Two N. Korean restaurant workers stuck in China after not joining group defection

Posted on : 2016-04-18 16:22 KST Modified on : 2019-10-19 20:29 KST
Sources say workers feared interrogation, and now could face punishment if sent back to North Korea
North Korean workers at the Ryukyung Restaurant in Ningbo
North Korean workers at the Ryukyung Restaurant in Ningbo

Two employees at an overseas North Korean restaurant told Chinese authorities they could not go back to North Korea after failing to join a group of 13 defectors who arrived in South Korea last week.

The possibility of additional defections from the staff at the Ryukyung restaurant in Ningbo, a city in China’s Zhejiang Province, is raising questions over whether Seoul acted rashly in announcing the arrival of the defecting group.

According to accounts on Apr. 17 from restaurant and North Korea sources, two female North Korean employees at Ryukyung left for Shanghai on Apr. 5 without telling the restaurant, but were subsequently apprehended and returned to Ningbo.
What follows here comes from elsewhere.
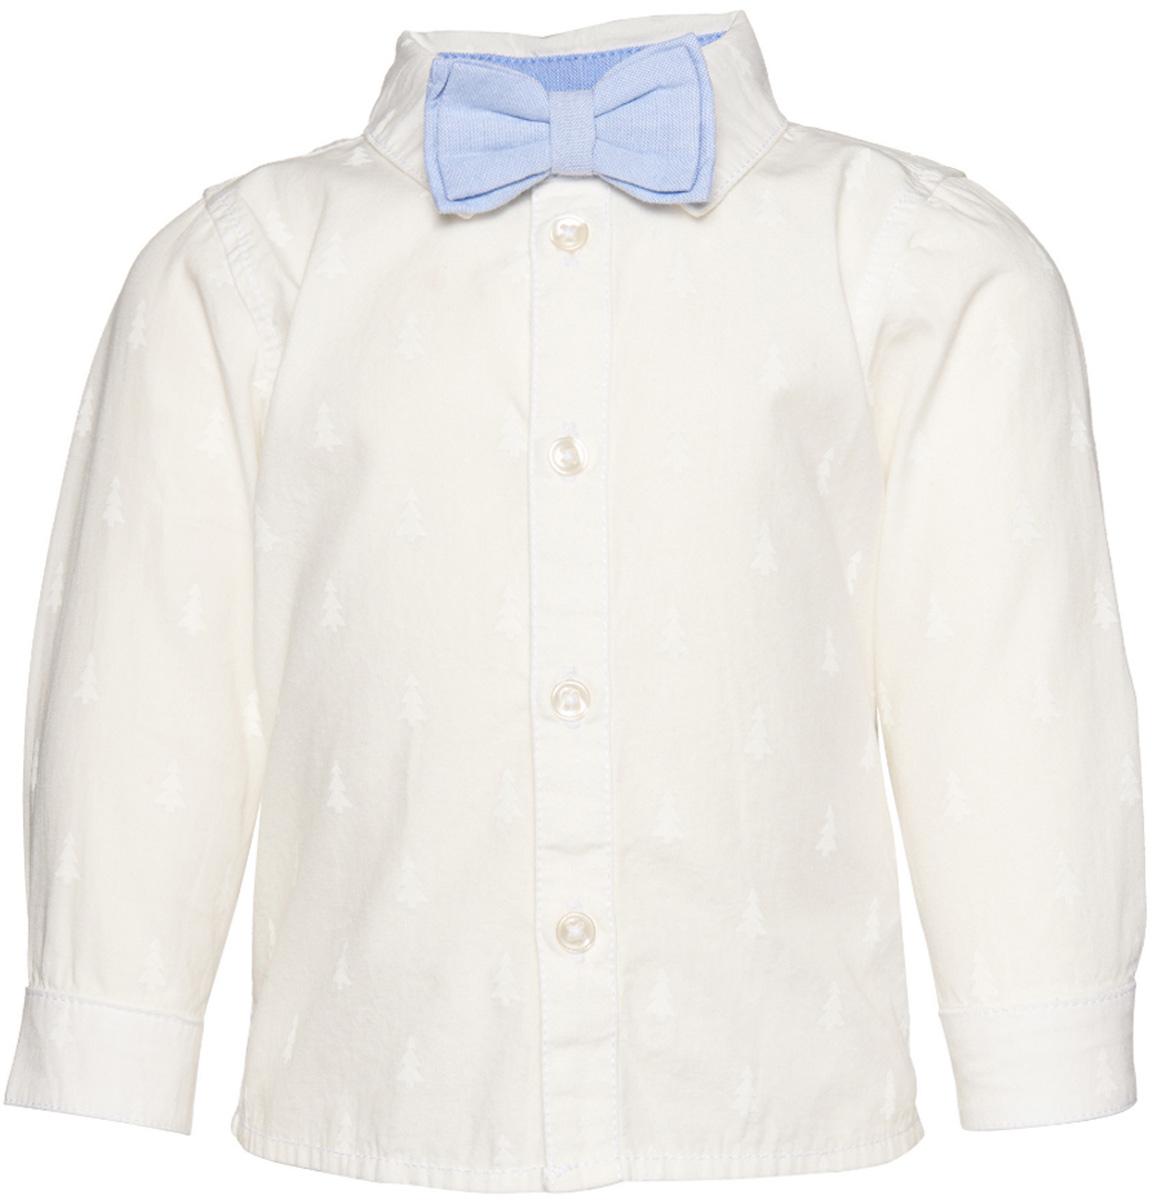 Рубашка для мальчика Tom Tailor, цвет: белый. 2032499.40.22_2067. Размер 74

Status of 21 N. Korea workers from Ryukyung Restaurant inChina
Status of 21 N. Korea workers from Ryukyung Restaurant inChina

The same day, North Korean restaurant manager “H,” 36, and 12 female employees also traveled to Shanghai, where they boarded a flight to Malaysia before arriving in South Korea on Apr. 7.

Restaurant sources said the two employees had planned to join the other 13 in traveling to South Korea. They returned to Ningbo after restaurant staff found them traveling by taxi on the highway to Shanghai between 6 to 7 that evening, sources added.

They were immediately questioned by Chinese police.

“We can’t go back [to North Korea] now. We have to go to Shanghai,” they reportedly told the authorities.

Restaurant sources explained that the employees feared the grilling over responsibility they would face after the other 13 workers’ defection to South Korea. At the time, North Korean embassy staff had been dispatched from a nearby city to conduct an investigation around the restaurant.

Following their questioning by Chinese police, the two employees were having lunch with restaurant staff on Apr. 6 when they disappeared once again. Their whereabouts remain unknown. At that point, the 13 other employees had already left China the morning before.

“Five workers from the same lodging as the two women were among the 13 people who arrived in South Korea,” said a restaurant source.

“One of them was very close to [H], the manager,” the source added.

With both South and North Korean governments tight-lipped on the whereabouts of the two workers, observers are turning their attention to whether Seoul was aware of them and their hope of traveling to the South. Citing a North Korea source, Yonhap News reported on Apr. 12 that some of the remaining Ryukyung workers were “under South Korean government protection and awaiting the trip to South Korea.”

But some have suggested that the statement, if true, makes the Unification Ministry’s decision to announce the other 13 workers’ arrival on Apr. 8 even less comprehensible, as it would likely upset not only North Korea but also China and other countries in a way that would make the other two workers’ departure a riskier undertaking. Yonhap News also published a conflicting account on Apr. 14, stating that “no North Korean workers are known to be under South Korean government protection.” It is possible that one of the two reports was incorrect, or that some change in the situation occurred between Apr. 12 and 14.

Former co-workers voiced fears that the two employees may have been repatriated.

“If they did go to North Korea, then that would mean South Korea abandoned them,” a restaurant source said.

“I‘m scared they’re going to face severe punishment in North Korea.”